John Graham, dean of the school and one of the authors of the report, said that the numbers of "new poor" will continue to rise.
"One of the big surprises is that poverty in the United States is likely to continue to increase even as the economic recovery unfolds," said Graham. "The unique feature of the great recession is not just the high rate of unemployment, but the long duration of unemployment that millions of Americans have experienced. [For] a lot of these long-term unemployed, the job that they had won't exist when they go back in to the labour market."
http://www.guardian.co.uk/business/2...y-worse-report
Boutons...
Don't you get it? We do it too ourselves, and the rich get unequally more wealthy because they are smarter than the average consumer and voter. You can only blame others who want cheap goods. As Darrin said, "The standard of living of ALL classes has increased" and he is correct. The problem is the goods are cheaper allowing lower wages to buy more. That is why the decreasing real wealth as decreased relatively painlessly.

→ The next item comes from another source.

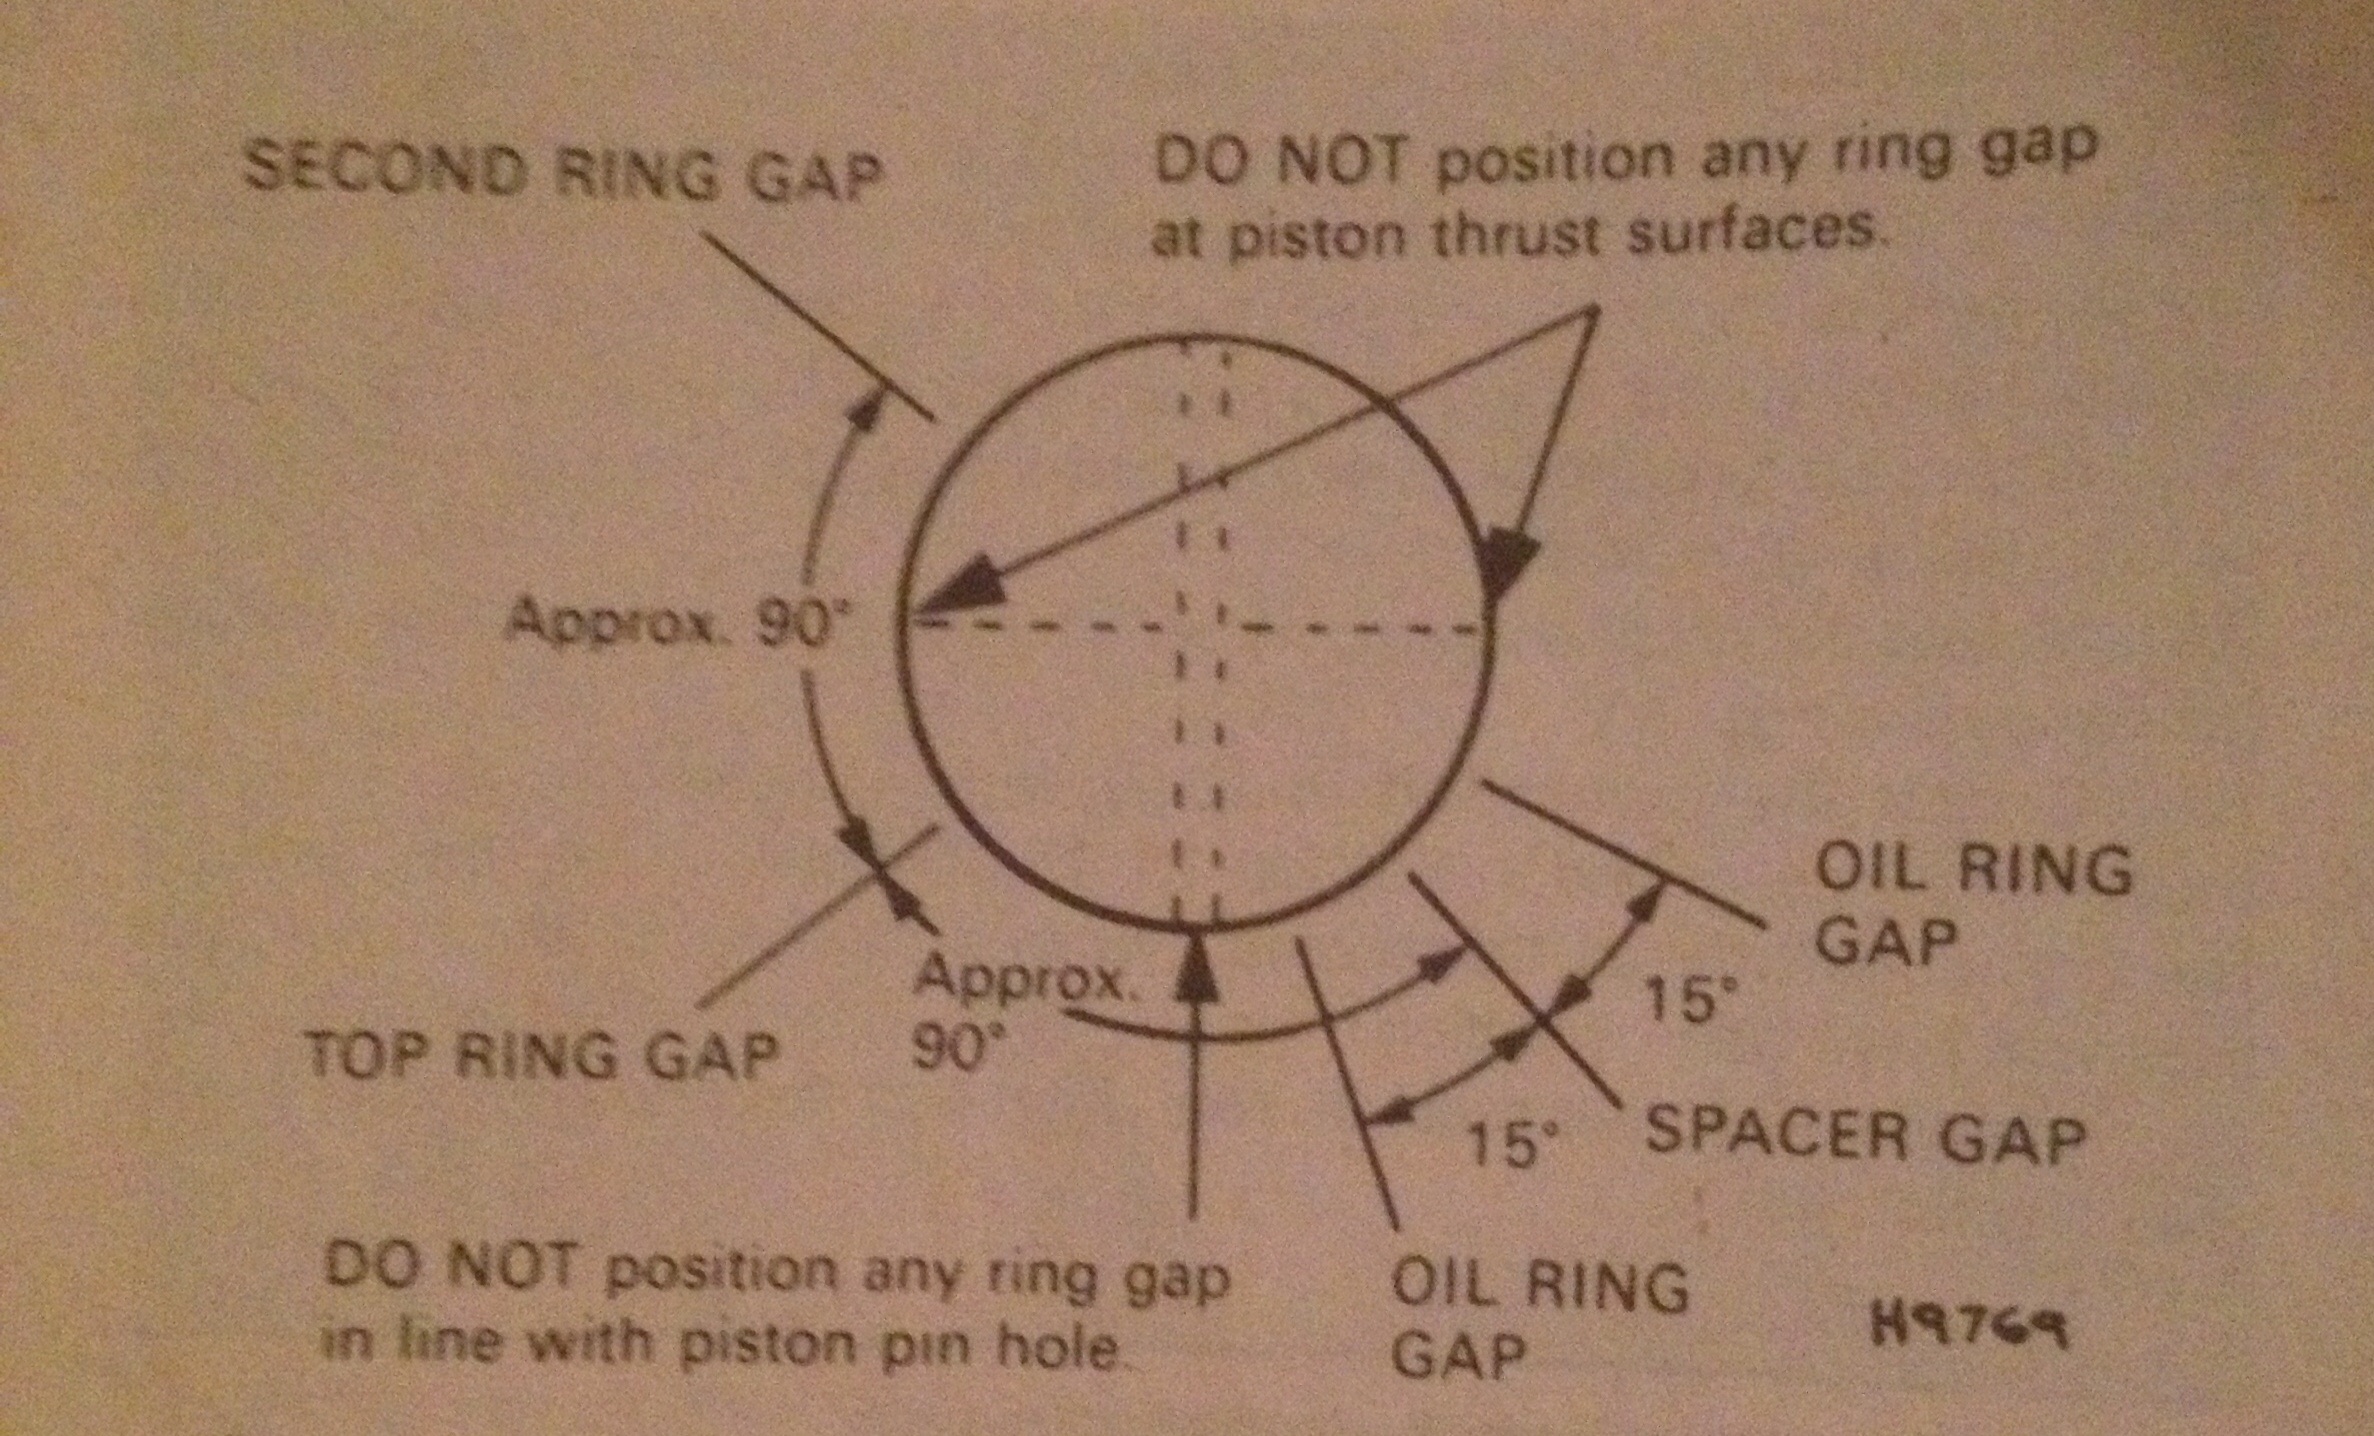 Piston and Piston Rings

"The standard of living of ALL classes has increased"
really, any data?
what about 2M foreclosed homes in 2011, the 1M more due 2012, and the $Ts of lost net worth, lost jobs, lost pensions, and wealth lost by the 99% due to the Banksters Continuing Great Depression?
Cost-push food and gas prices, not factored in inflation, are "painlessly" more affordable?
A simple question: How does raising taxes on rich people increase the income of those in lower classes?
Perusing the thread, that seems to be what you are arguing, Boutons. Also, if we're talking "income" - raising the income tax on the rich does not reduce income, it simply means more goes to the government. If one guy makes $500,000, and 70% of that is taken by the government, his income is still $500,000 - correspondingly, if another person makes $50,000, and he is not taxed at all, his income is still 1/10 of his rich countryman.
I would argue, that a guy who is making $500,000, who is then taxed at a much higher rate, is going to work harder, and make more income, to make up the difference, in order to maintain his standard of living. Thus, increasing the income disparity gap; if there is a corresponding slacking of the poor person, who has had his taxes decreased, because it is now easier to maintain his modest standard of living, then what you are arguing for could vary well increase the gap (and allow you to get even more shrill).
The bottom tax rate DROPPED from 15% to 10% under the Bush tax cuts; poor people saw actual dollars increase in their pockets, while making equal income - no change in income disparity, by your metrics, but a potentially significant uptick in actual cash available (relatively).
its about paying the lions share of the massive debt created by senseless wars.
and bailing out the rich. you do realize it was the rich we bailed, right?